TRIBUNAL DE JUSTIÇA DO ESTADO DO PIAUÍ
ÓRGÃO JULGADOR : 4ª Câmara Especializada Cível
EMBARGOS DE DECLARAÇÃO CÍVEL (1689) No 0801124-02.2018.8.18.0026
APELANTE: MARIA FRANCISCA DA COSTA
Advogado(s) do reclamante: ANA PIERINA CUNHA SOUSA REGISTRADO(A) CIVILMENTE COMO ANA PIERINA CUNHA SOUSA, LUIZ VALDEMIRO SOARES COSTA REGISTRADO(A) CIVILMENTE COMO LUIZ VALDEMIRO SOARES COSTA
APELADO: BANCO CETELEM S.A.
REPRESENTANTE: BANCO CETELEM S.A.
Advogado(s) do reclamado: SUELLEN PONCELL DO NASCIMENTO DUARTE
RELATOR(A): Desembargador JOSÉ RIBAMAR OLIVEIRA
EMENTA: EMBARGOS DE DECLARAÇÃO. APELAÇÃO. OMISSÃO. REPETIÇÃO DO INDÉBITO EM DOBRO. COMPENSAÇÃO DOS VALORES REPASSADOS VIA TED. RECURSO CONHECIDOS E ACOLHIDO. A devolução em dobro deve ocorrer com a devida compensação do valor efetivamente repassado pelo banco à embargada mediante o que consta TED colacionado aos autos pelo Banco, em observância ao disposto no art. 368, do Código Civil, a fim de evitar o enriquecimento ilícito.
RELATÓRIO
Trata-se de Embargos de Declaração (Id. 8677554) opostos pelo Banco Cetelem S/A contra acórdão (Id. 8565540), que proveu parcialmente a Apelação Cível interposta por Maria Francisca da Costa.
Nos Embargos de Declaração, o Banco Cetelem S/A alega omissão, uma vez que não há qualquer manifestação acerca da compensação dos valores repassados via TED.
“Frise-se, excelência, que a instituição financeira juntou aos autos comprovante de Transferência Eletrônica Disponível (TED) realizada à embargada autora com a devida autenticação mecânica, comprovando o recebimento do montante de R$ 1.615,19 (um mil e seiscentos e quinze reais e dezenove centavos).”
A Sra. Maria Francisca, apesar de devidamente intimada, não apresentou contrarrazões ao recurso.
É o relatório.
VOTO
Verificam-se preenchidos todos os pressupostos de admissibilidade, razão pela qual conheço do recurso.
A priori, cumpre aduzir que os Embargos de Declaração constituem recurso idôneo ao saneamento de eventuais vícios e incorreções que maculem o provimento judicial questionado, sendo sua disciplina contida no art. 1.022 do CPC, in verbis:
Art. 1.022. Cabem embargos de declaração contra qualquer decisão judicial para:
I - esclarecer obscuridade ou eliminar contradição;
II - suprir omissão de ponto ou questão sobre o qual devia se pronunciar o juiz de ofício ou a requerimento;
III - corrigir erro material.
Da leitura do dispositivo transcrito, extrai-se que os declaratórios servem à correção da sentença ou do acórdão que padeça de obscuridade, contradição, omissão ou erro material, mediante a prolação de novo pronunciamento que elimine o vício apontado.

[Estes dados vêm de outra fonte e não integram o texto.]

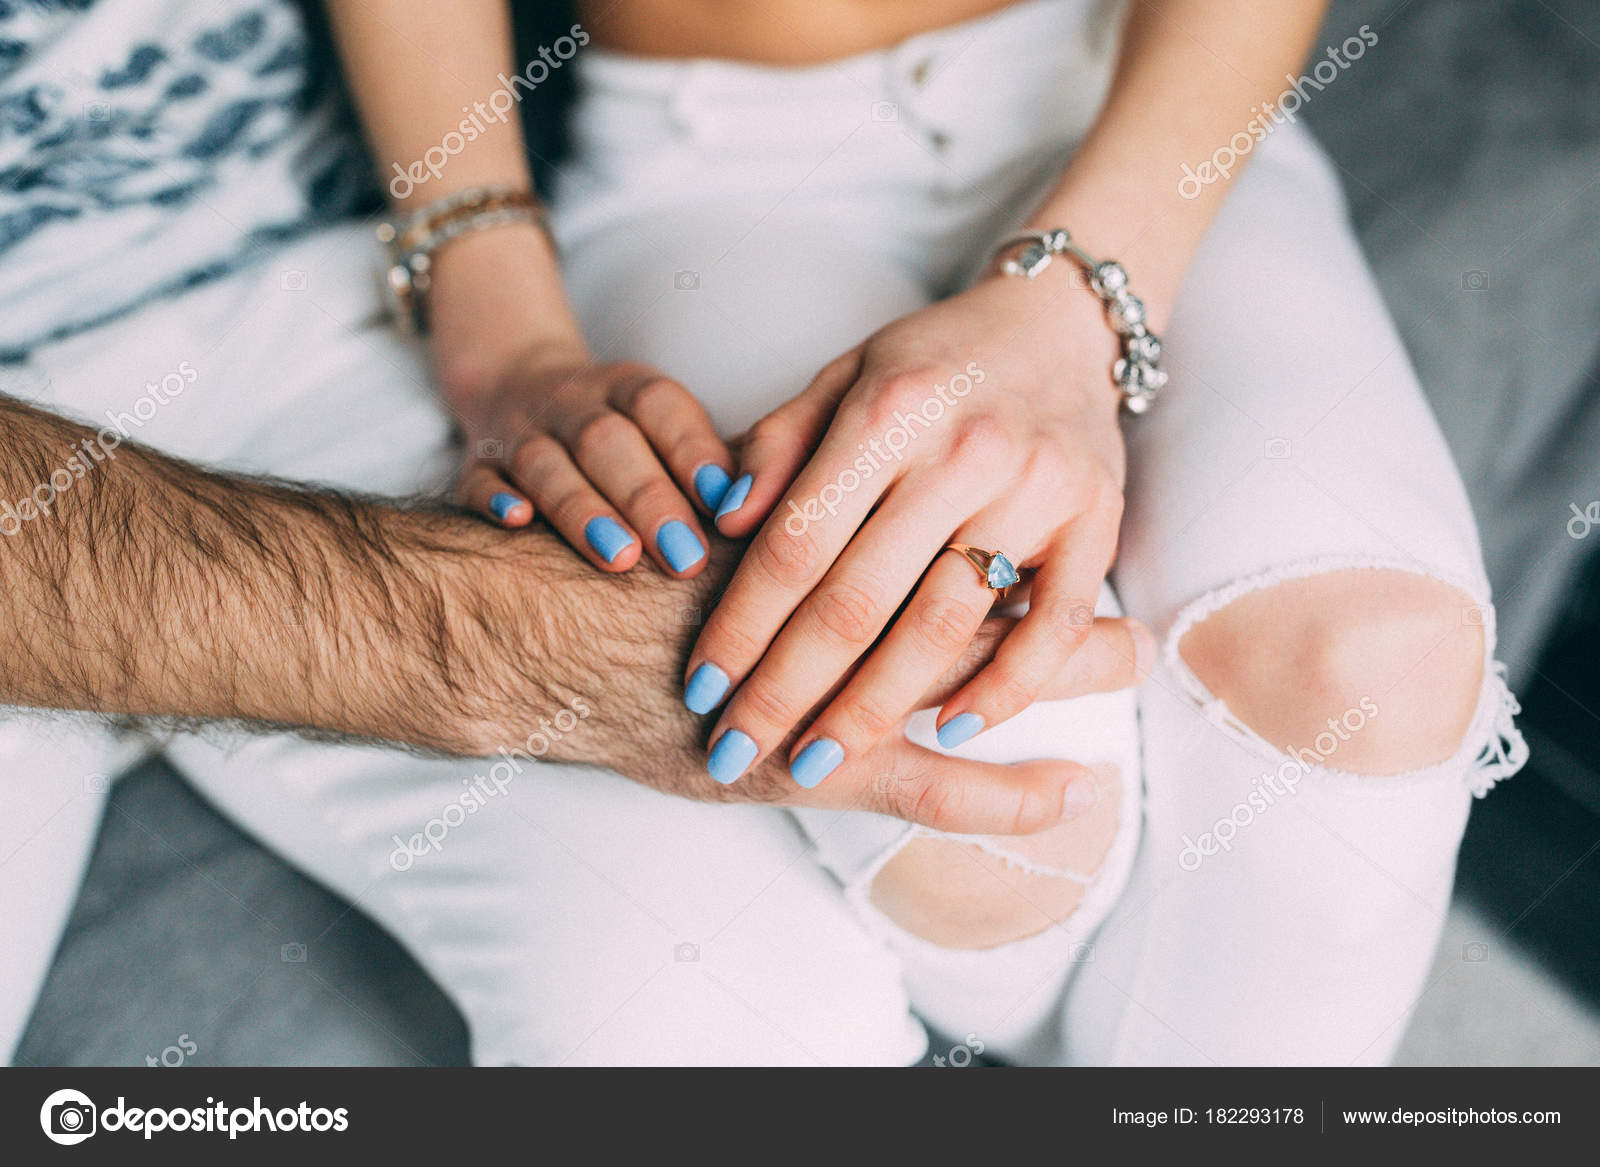 Boy And Girl Holding Hands Real Images Images Poster

Nesse sentido, compulsando os autos, verifico que o Banco Cetelem S/A alega que não foi analisada a TED juntada aos autos.
“Frise-se, excelência, que a instituição financeira juntou aos autos comprovante de Transferência Eletrônica Disponível (TED) realizada à embargada autora com a devida autenticação mecânica, comprovando o recebimento do montante de R$ 1.615,19 (um mil e seiscentos e quinze reais e dezenove centavos).
[...]
Destarte, evidenciada a omissão existente na sentença embargada e a vedação legal ao enriquecimento ilícito e locupletamento sem causa, vedado pelo art. 884, necessário que seja reconhecido por este douto juízo o pedido contraposto formulado.”

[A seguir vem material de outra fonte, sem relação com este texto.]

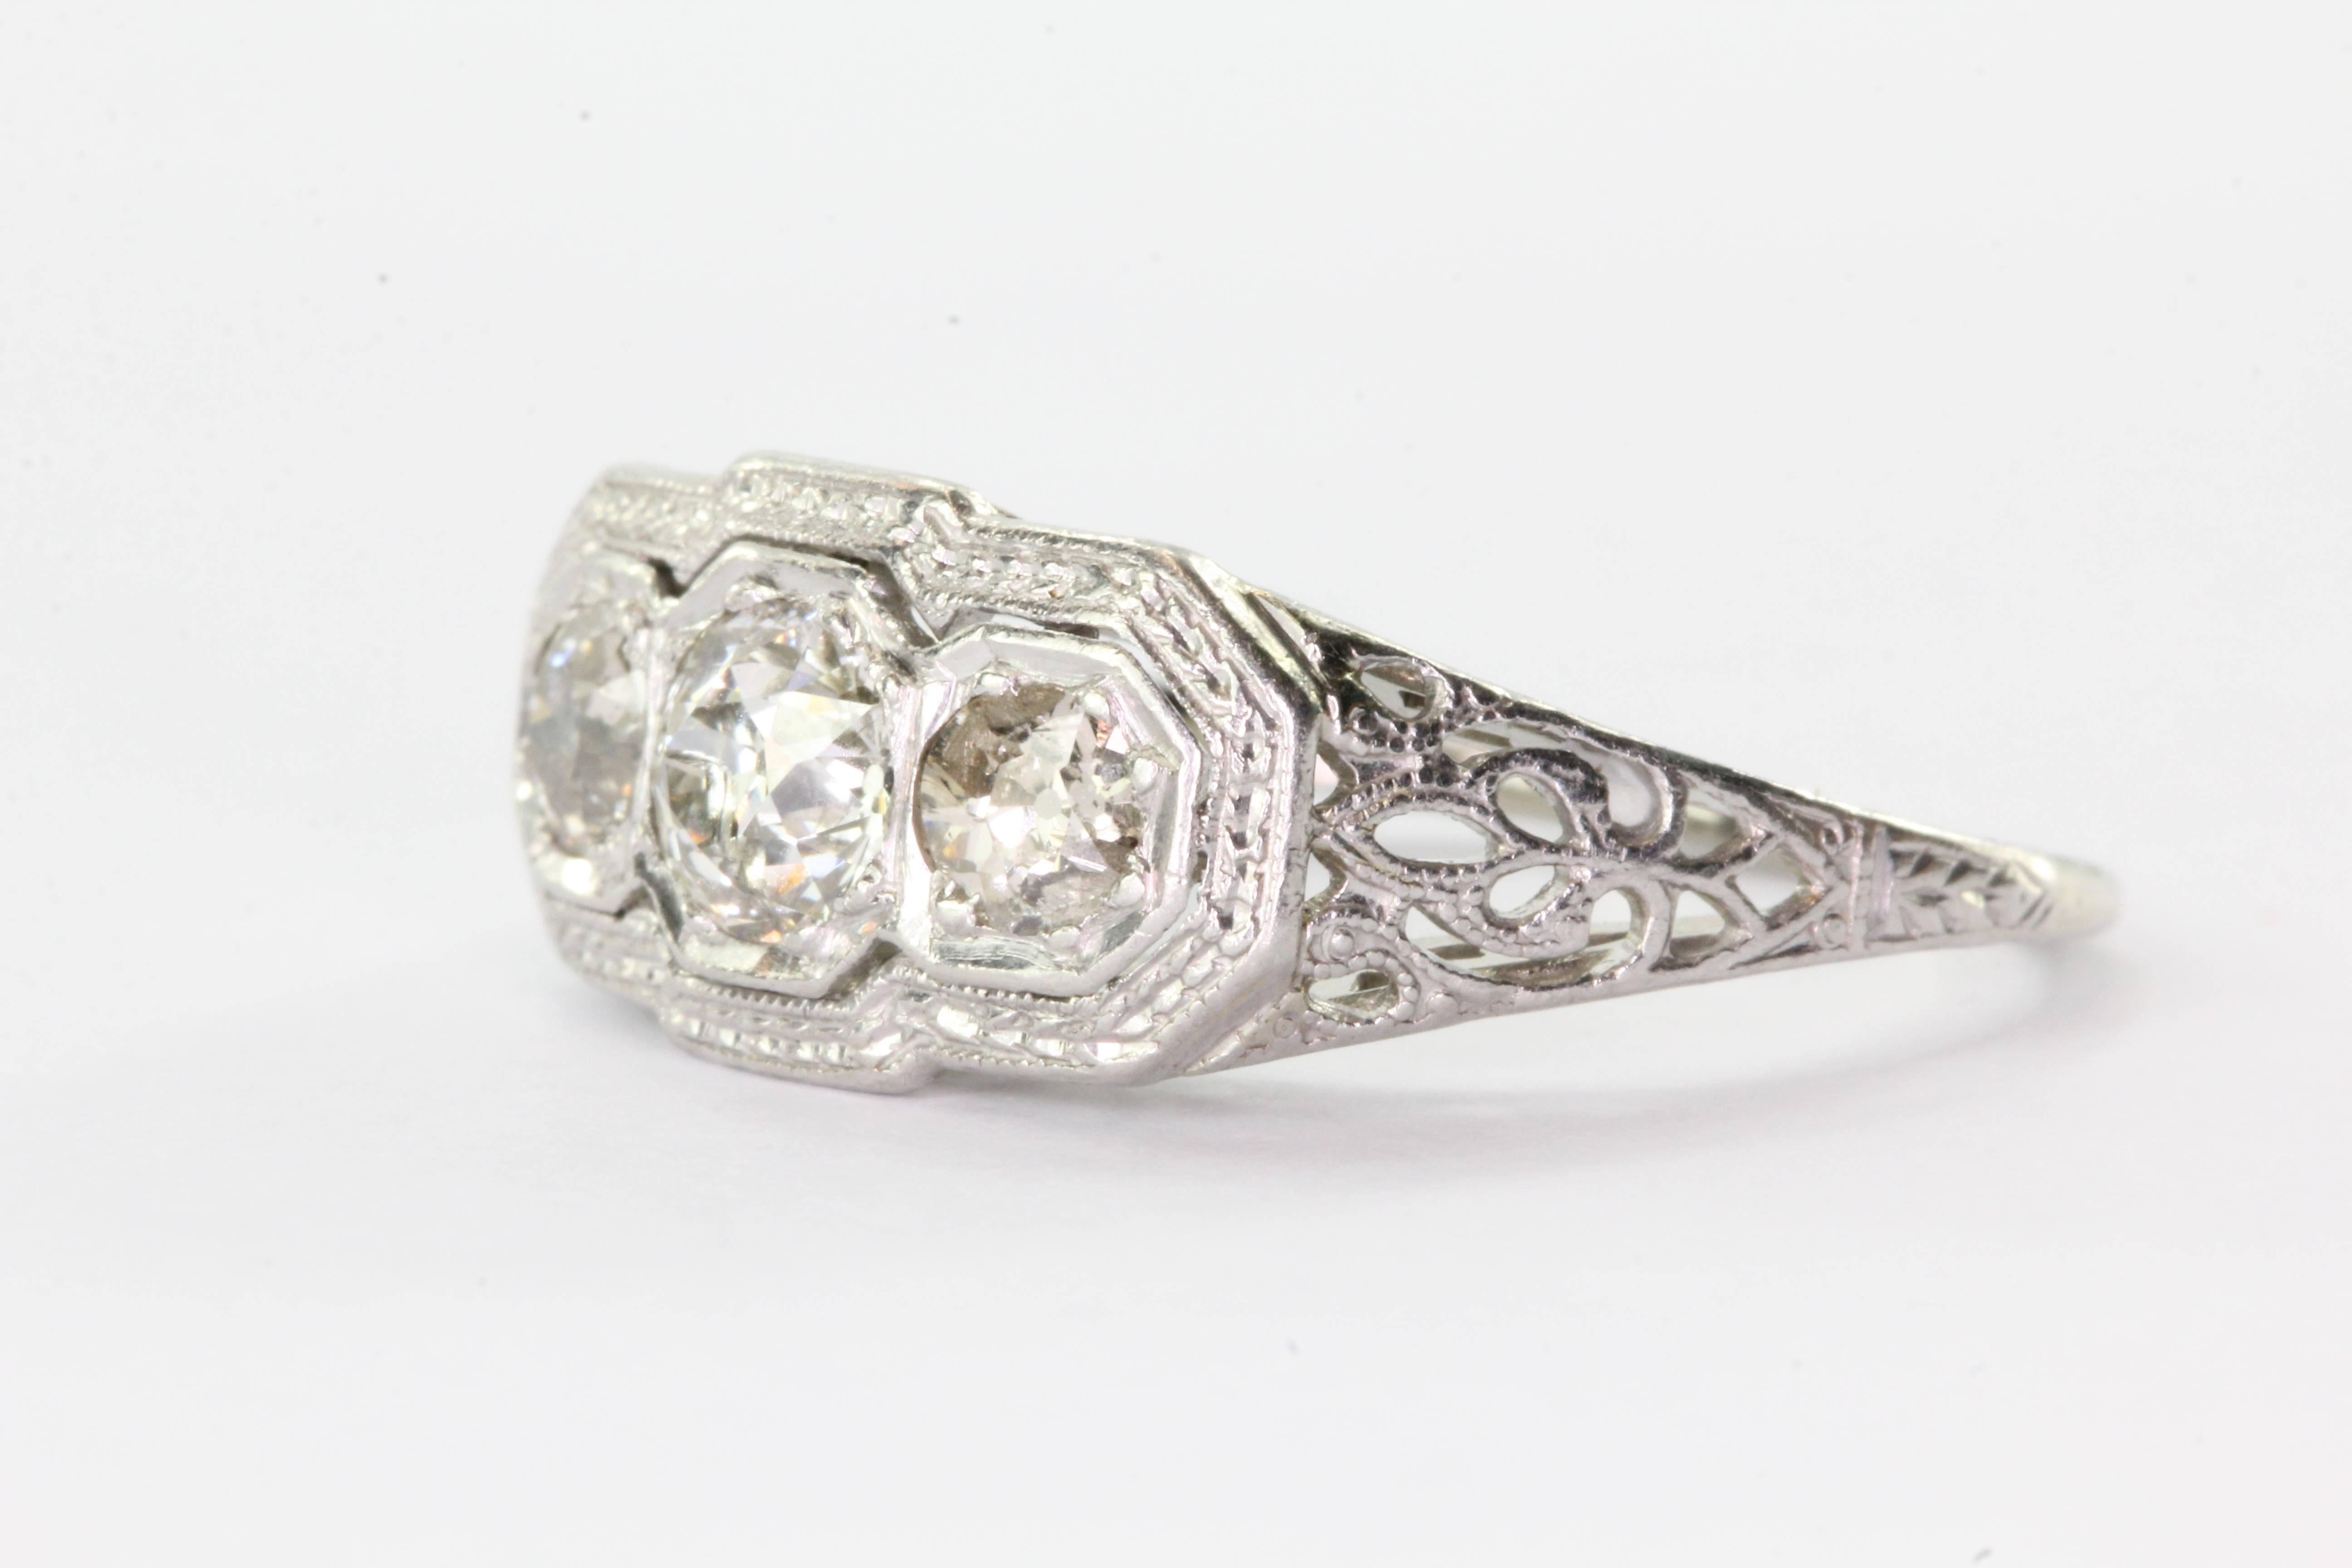 Antique Art Nouveau 18K White Gold & Platinum 3 Stone Diamond Engagement Ring. The ring is in excellent estate condition and ready to wear. Most of the ring is 18K white gold but the diamonds are set in platinum. The ring is set with three old

No caso dos autos, inicialmente cumpre salientar que, embora o banco tenha demonstrado a existência de um instrumento no qual conste a suposta aposição da digital do requerente, tal documento é insuficiente para o reconhecimento da validade jurídica do ajuste. Isto porque, o art. 595 do CPC impõe a assinatura do instrumento contratual a rogo por terceiro, com a subscrição de duas testemunhas.
Dito isso, tal circunstância caracteriza conduta contrária à boa-fé objetiva, na medida em que agentes financeiros celebram, com aposentado idoso e analfabeto, contrato de consignação em folha previdenciária, sem que haja uma mínima preocupação em oferecer informações efetivas sobre o conteúdo do ajuste.
Nesse toar, trata-se de prática nefasta e claramente em desacordo com o sistema de proteção do consumidor, ferindo o equilíbrio contratual, a equidade e o dever de lealdade.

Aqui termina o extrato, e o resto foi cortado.